Cedar Vally residents tired of bad roads

August 28, 2025

It would be wise not to talk or chew when travelling along sections of Cedar Valley as the badly broken roads could leave you biting your tongue.

What should have been a 10-minute ride took almost 30 minutes to get into the St Thomas district. Residents and those traversing the community told THE STAR that they have not seen smooth roads in more than 20 years.

"Is decades the road is like this ... and because of this there will be no votes. The best coffee comes from this side, as this is the main road that you use to go up in the Blue Mountain -- and look at the road. The road just need to fix and the water channelled to the side in a drainage system. But nothing like that not happening. Taxi don't run up this side either, because it terrible for them," a fed-up Marva Crossdale said.

Vernetth Campbell lamented that he and other coffee farmers are losing their profits because it is being eaten up in transportation costs.

"Is about one thousand years this place look so eno," Campbell exaggerated. "Mi old man dead when him a 85 years old, and him dead and nuh see it fix. A problem fi farmers like mi, because mi have to pay the four-wheel drive ... and seh we have all 50 box a coffee, we have to pay $30,000 for the drive and we have to pay staff. Is $10,000 a box, and we have to pay the workers $2,500 a box to pick," Campbell explained.

The news team observed a motorcyclist as he carefully tried to manoeuvre his way through the stones and craters, but this proved difficult for the rider, who had to come to a complete stop and manually placed the motorbike in the required direction.

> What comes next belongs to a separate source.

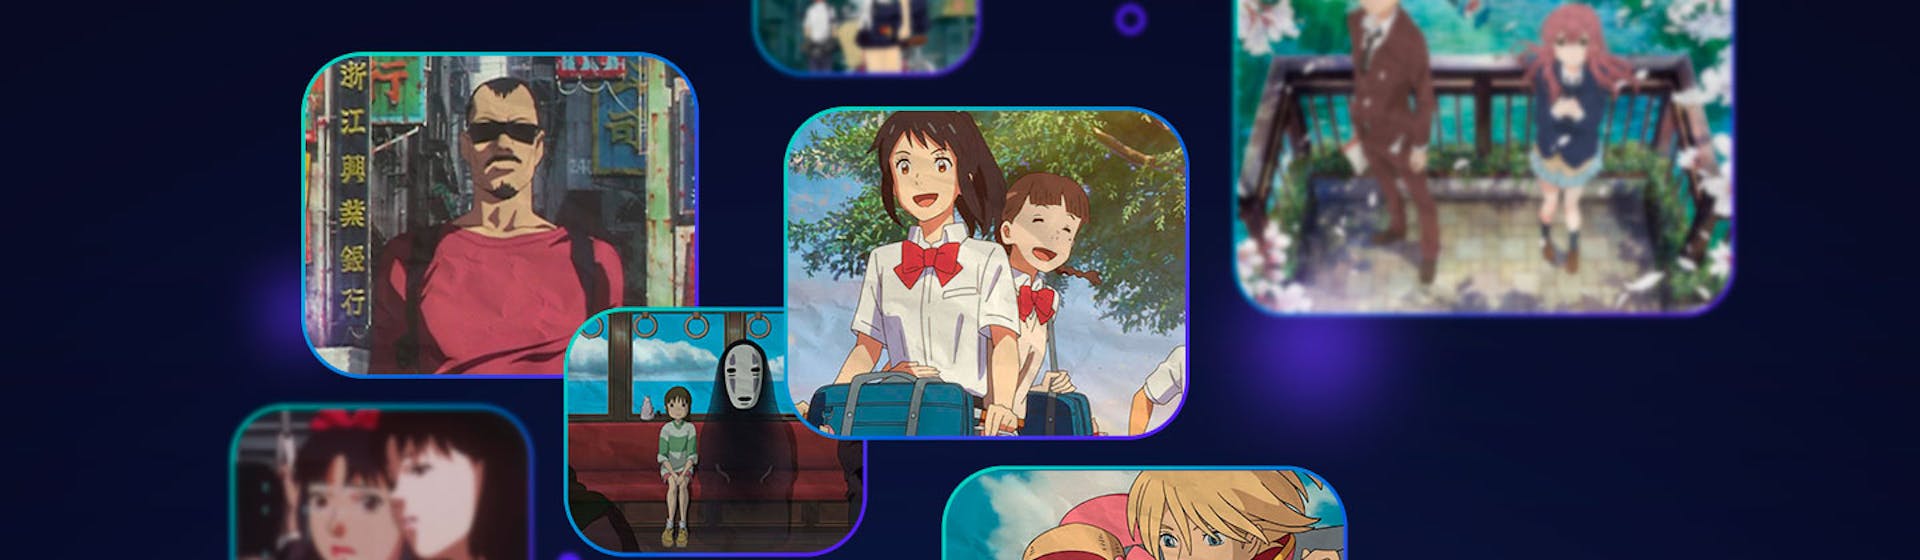 10 películas de animación japonesas que te harán olvidar a Disney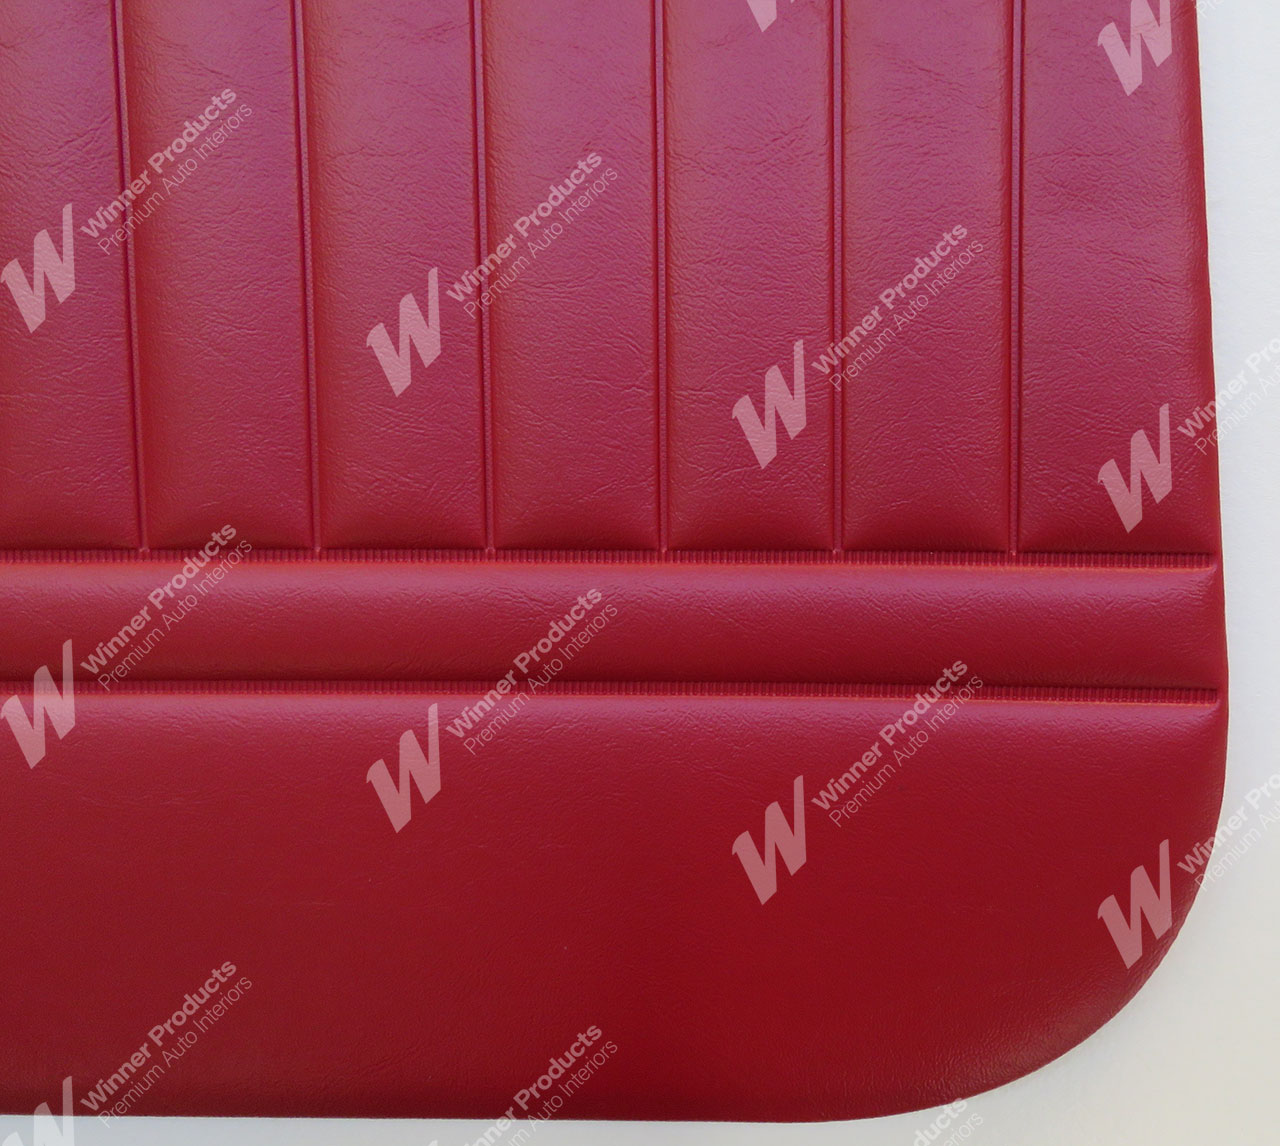 Holden Standard HR Standard Panel Van E73 Mephisto Red Door Trims (Image 3 of 3)

"When rain fall, this is a river, because even when rain don't fall it is a riverbed. The way things get bad, nuff a the coffee farmers dem pack up and gone 'bout dem business, because dem nah make any profit. Nuff time we get loan to buy vehicle but it nuh make any sense, because within a year, the brand new vehicle mash up. Because of this road, everything is just money," Campbell added.

A mechanic from the district, who goes by the name Patrick, told THE STAR that vehicle repairs could easily amount to quarter of a million dollars annually.

"There is no road in this district, only a gully course. It is very tedious to have a motor vehicle. Once you live up here, it will cause yuh all of you life savings. Is me fix mi vehicle and it cost mi over $250,000 every year, so imagine a man who can't fix car," he said.

THE STAR tried unsuccessfully to get a comment from mayor of Morant Bay Louis Chin.